SNIP 36: How Starknet is Bringing Proof Verification In-Protocol — and What It Unlocks


Zero-knowledge proofs are often described as the endgame for blockchain scaling and privacy. But there is an uncomfortable gap between generating a proof and using it on-chain. Today, verifying a STARK proof inside a Starknet smart contract is not just expensive — it is practically impossible given calldata limits and gas costs. SNIP 36 proposes a protocol-level solution that could change this entirely.

The proposal introduces in-protocol proof verification: rather than forcing contracts to process raw proof data, the Starknet OS itself verifies proofs and exposes the results — called proof facts — as native primitives that any contract can query. This seemingly simple architectural decision has profound consequences. It unlocks two capabilities the ecosystem has wanted for years: infinite horizontal scaling through ZKThreads and genuine transaction-level privacy. Let us break down how it works, what it enables, and what challenges remain.


The Problem: Why On-Chain Proof Verification Does Not Work Today

If you want to verify a STARK proof inside a Starknet smart contract today, you face a hard wall.
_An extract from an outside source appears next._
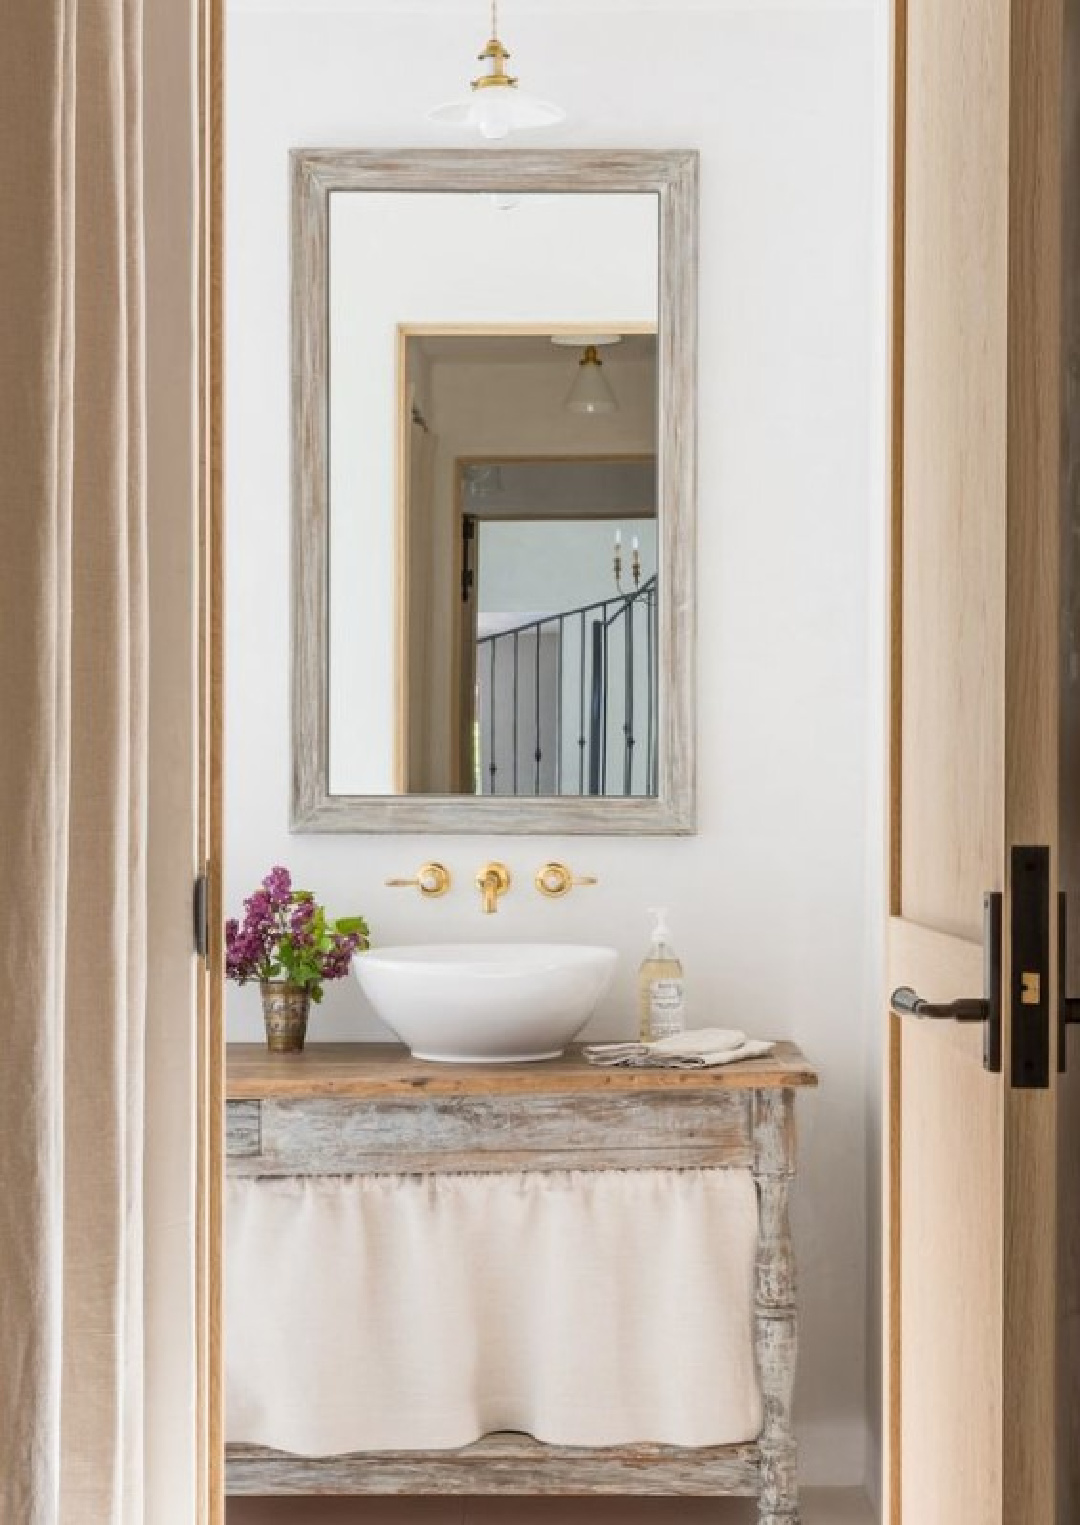 Giannetti Home designed Malibu bathroom with rustic elegance in Luxe Magazine.

A typical STARK proof weighs between 50 and 200 KB. Starknet transactions have strict calldata limits, and even if you could somehow fit a proof into a transaction, the computational cost of verifying it — running FRI commitment checks, evaluating AIR constraints, performing Merkle path verification — would blow past any reasonable gas budget.

This is not a Starknet-specific problem. Ethereum L1 has the same issue, which is why rollups use dedicated verifier contracts with special precompiles. But the key insight of SNIP 36 is that Starknet, as a STARK-based L2, already has a proving infrastructure in its DNA. The Starknet OS already verifies proofs as part of its block production pipeline. Why not expose that capability to application developers?
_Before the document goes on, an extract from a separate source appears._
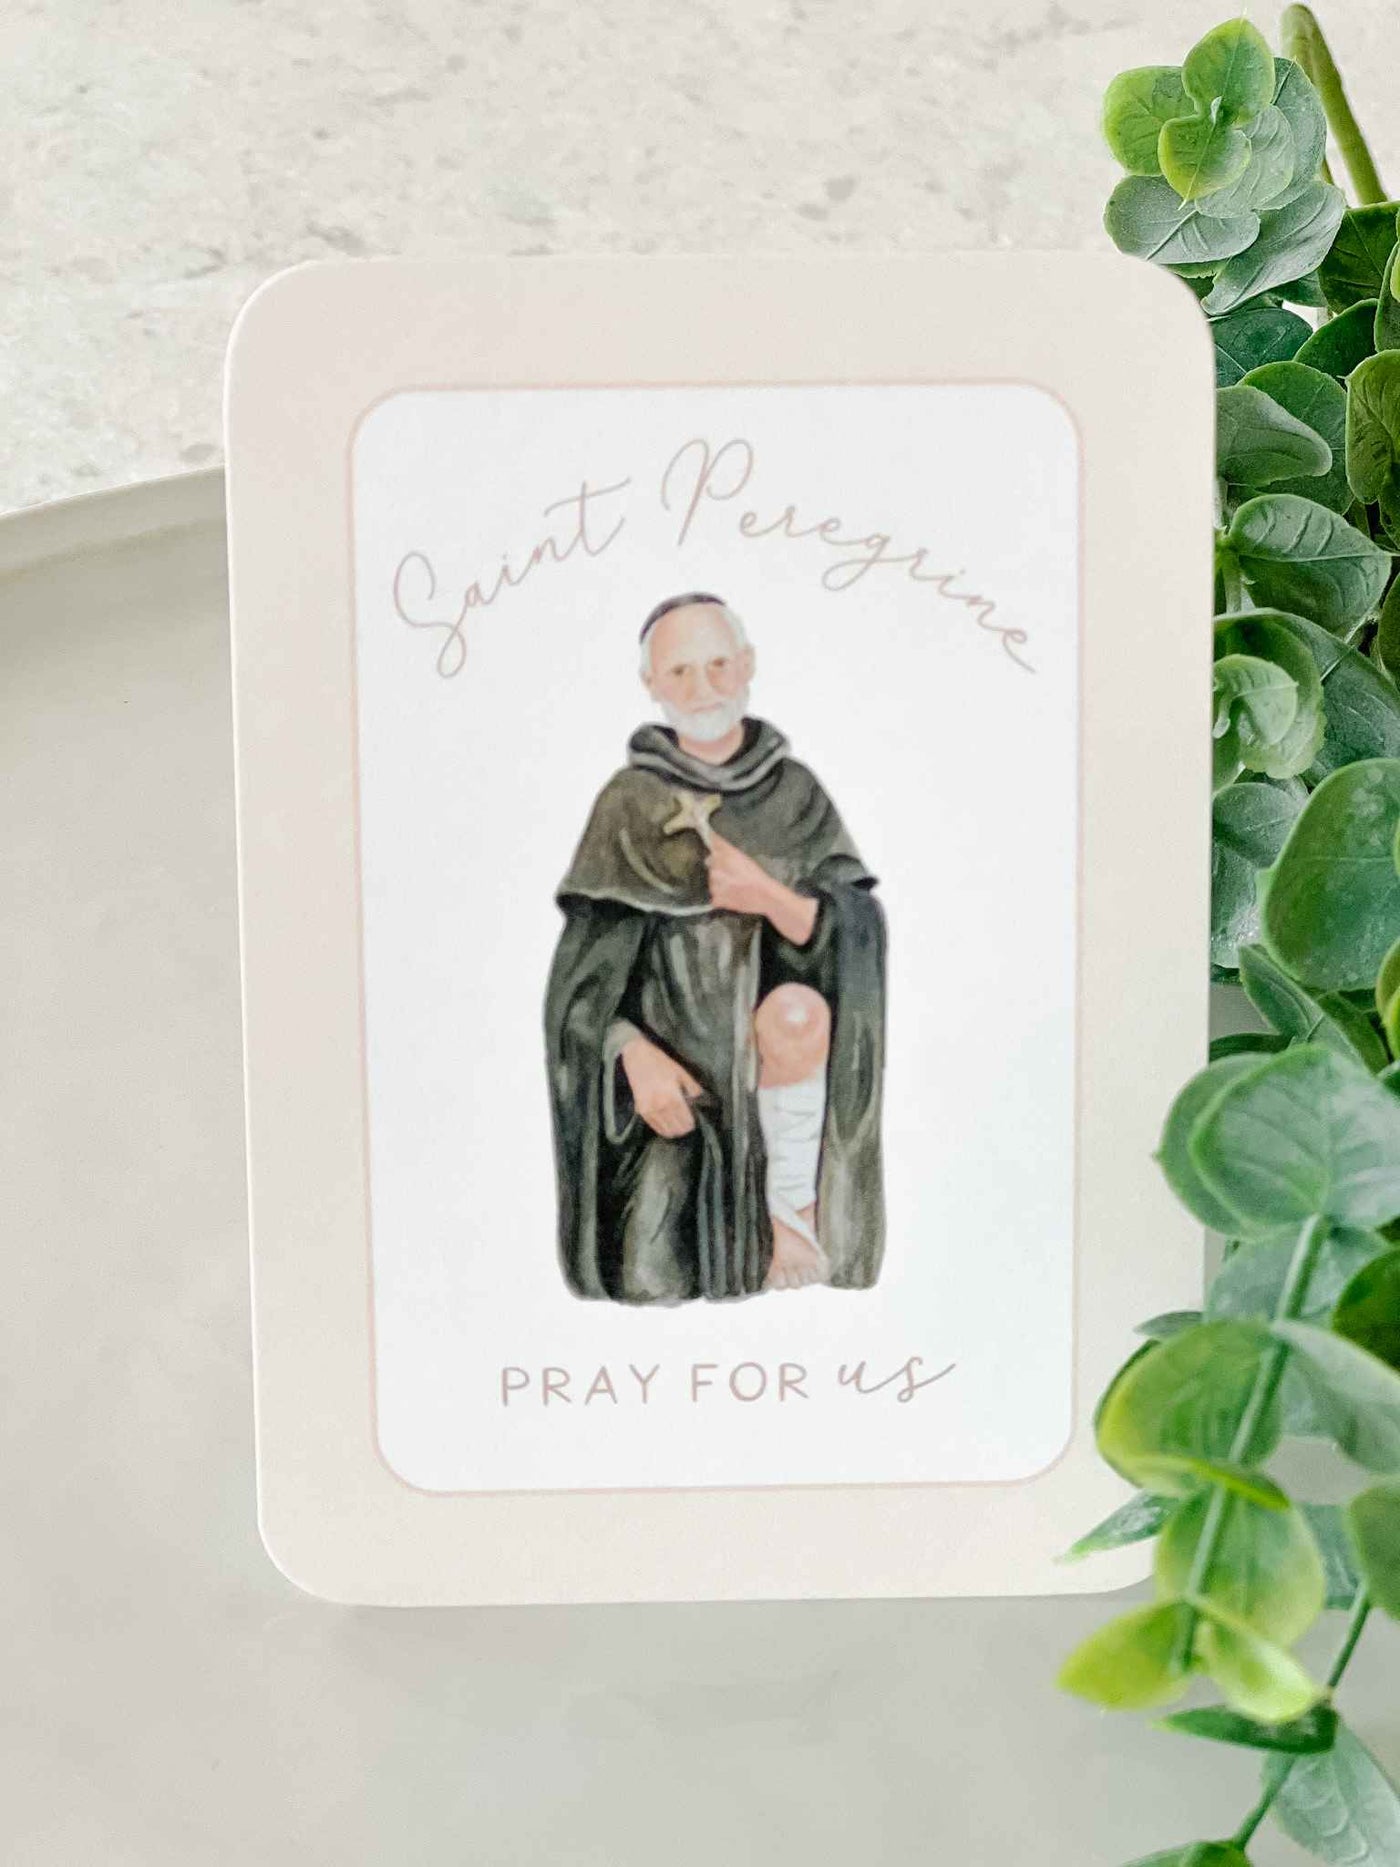 St. Peregrine - Prayer Card

Without in-protocol verification, developers who want to build proof-dependent applications — privacy pools, recursive rollups, verifiable computation marketplaces — are stuck. They either build fragile off-chain verification systems, wait for custom opcodes, or give up and build on chains that have SNARKs as precompiles. SNIP 36 offers a native path forward.
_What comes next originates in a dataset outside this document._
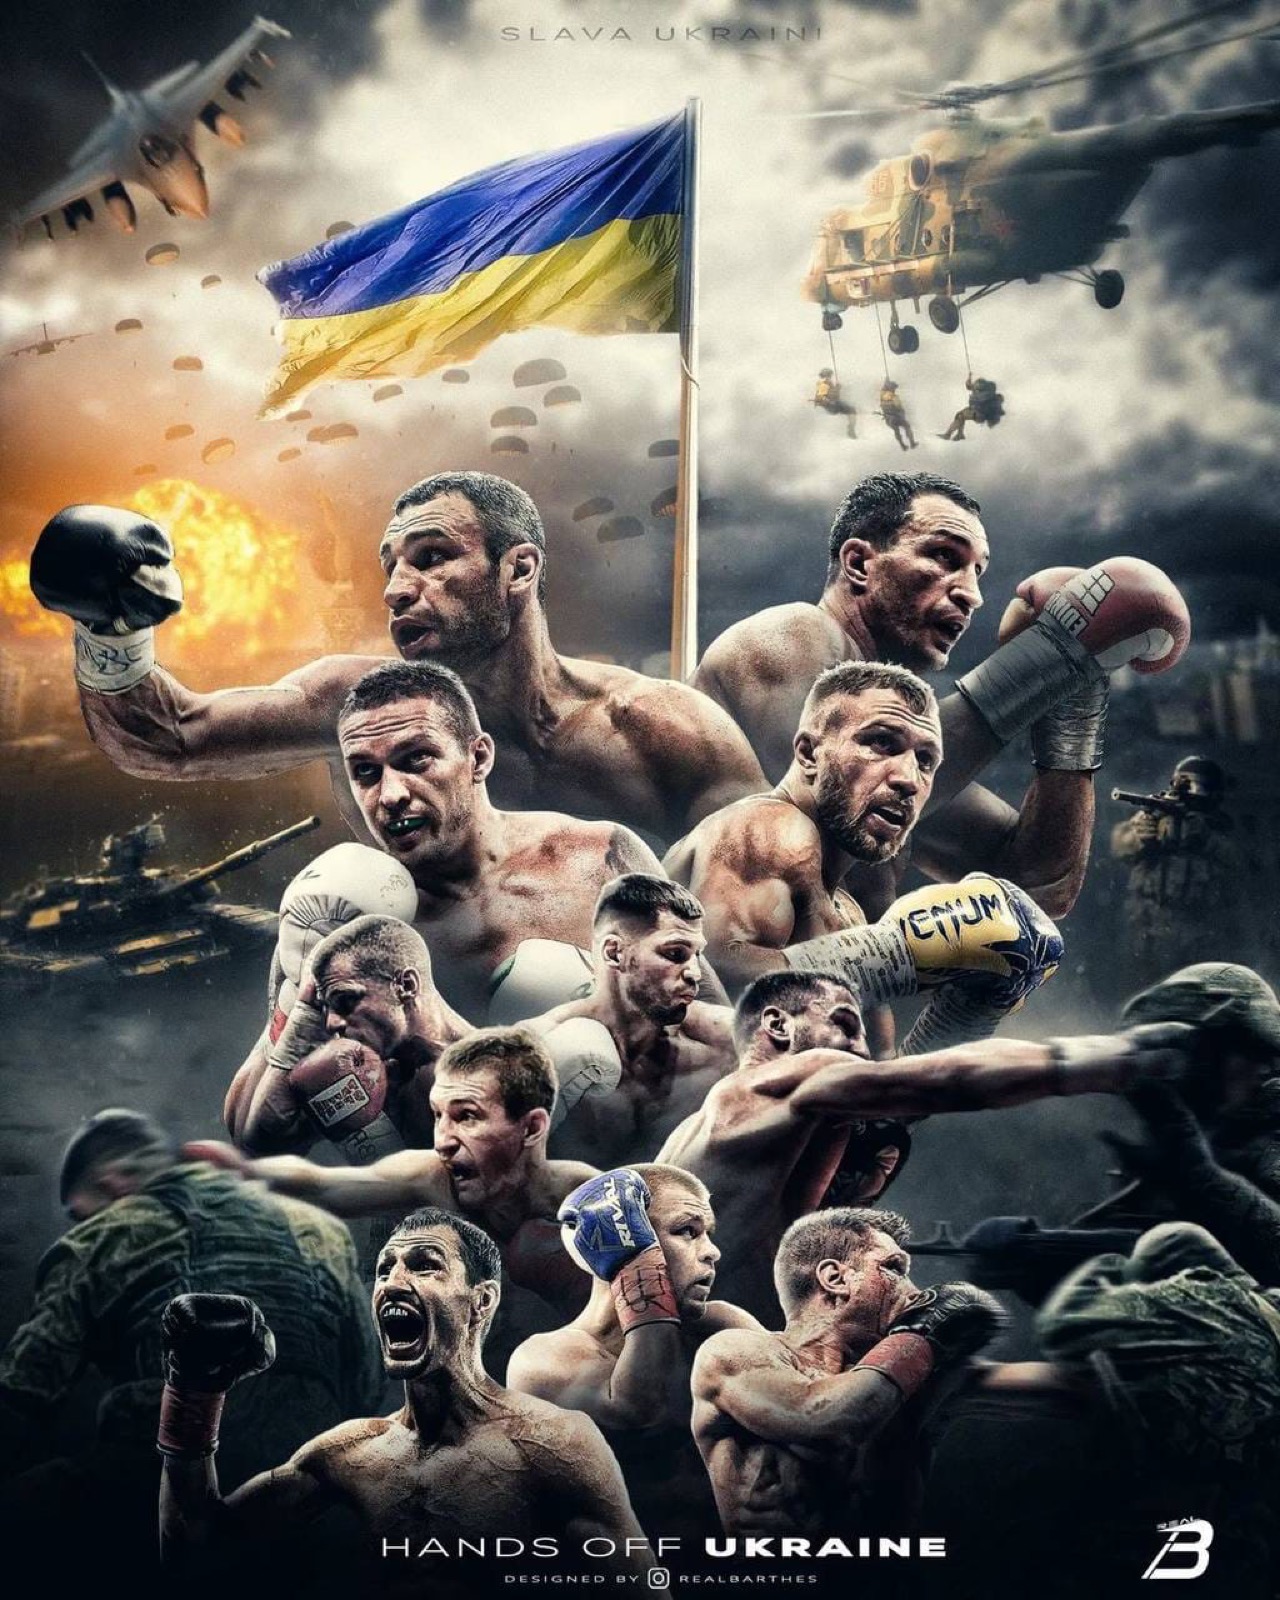 Wladimir Klitschko boxing image / photo

The Solution: Proof / Proof-Facts Separation

The core design principle of SNIP 36 is a clean separation between proof verification (computationally expensive, done by the protocol) and proof fact consumption (cheap, done by smart contracts).

Here is the flow:

┌──────────────┐     ┌─────────────────┐     ┌──────────────────┐
│   Prover     │────>│  Starknet OS    │────>│  Smart Contract  │
│ (off-chain)  │     │ (verifies proof)│     │ (reads facts)    │
└──────────────┘     └─────────────────┘     └──────────────────┘
       │                      │                       │
  Generates proof      Extracts proof facts     Queries fact registry
  + submits via        + stores in protocol     + acts on verified data
    JSON-RPC             state                    (no proof data needed)

Step 1 — Proof Submission. A prover generates a STARK proof off-chain (using SHARP, Stwo, or any compatible prover) and submits it to a Starknet node via a new JSON-RPC endpoint. The proof never touches the contract layer.

Step 2 — Protocol-Level Verification. The Starknet OS — which already runs Cairo programs and produces validity proofs for L1 — verifies the submitted proof as part of block production. If the proof is valid, the OS extracts the public outputs of the proven computation.

Step 3 — Fact Registration. These public outputs are registered as proof facts in protocol state. A proof fact is essentially a hash-indexed record: “computation X with inputs Y produced outputs Z, and this has been verified.”

Step 4 — Contract Consumption. Any smart contract can now query the fact registry. Instead of receiving and parsing a 100 KB proof, the contract simply asks: “Has fact F been verified?” This is a single storage read — cheap, fast, and composable.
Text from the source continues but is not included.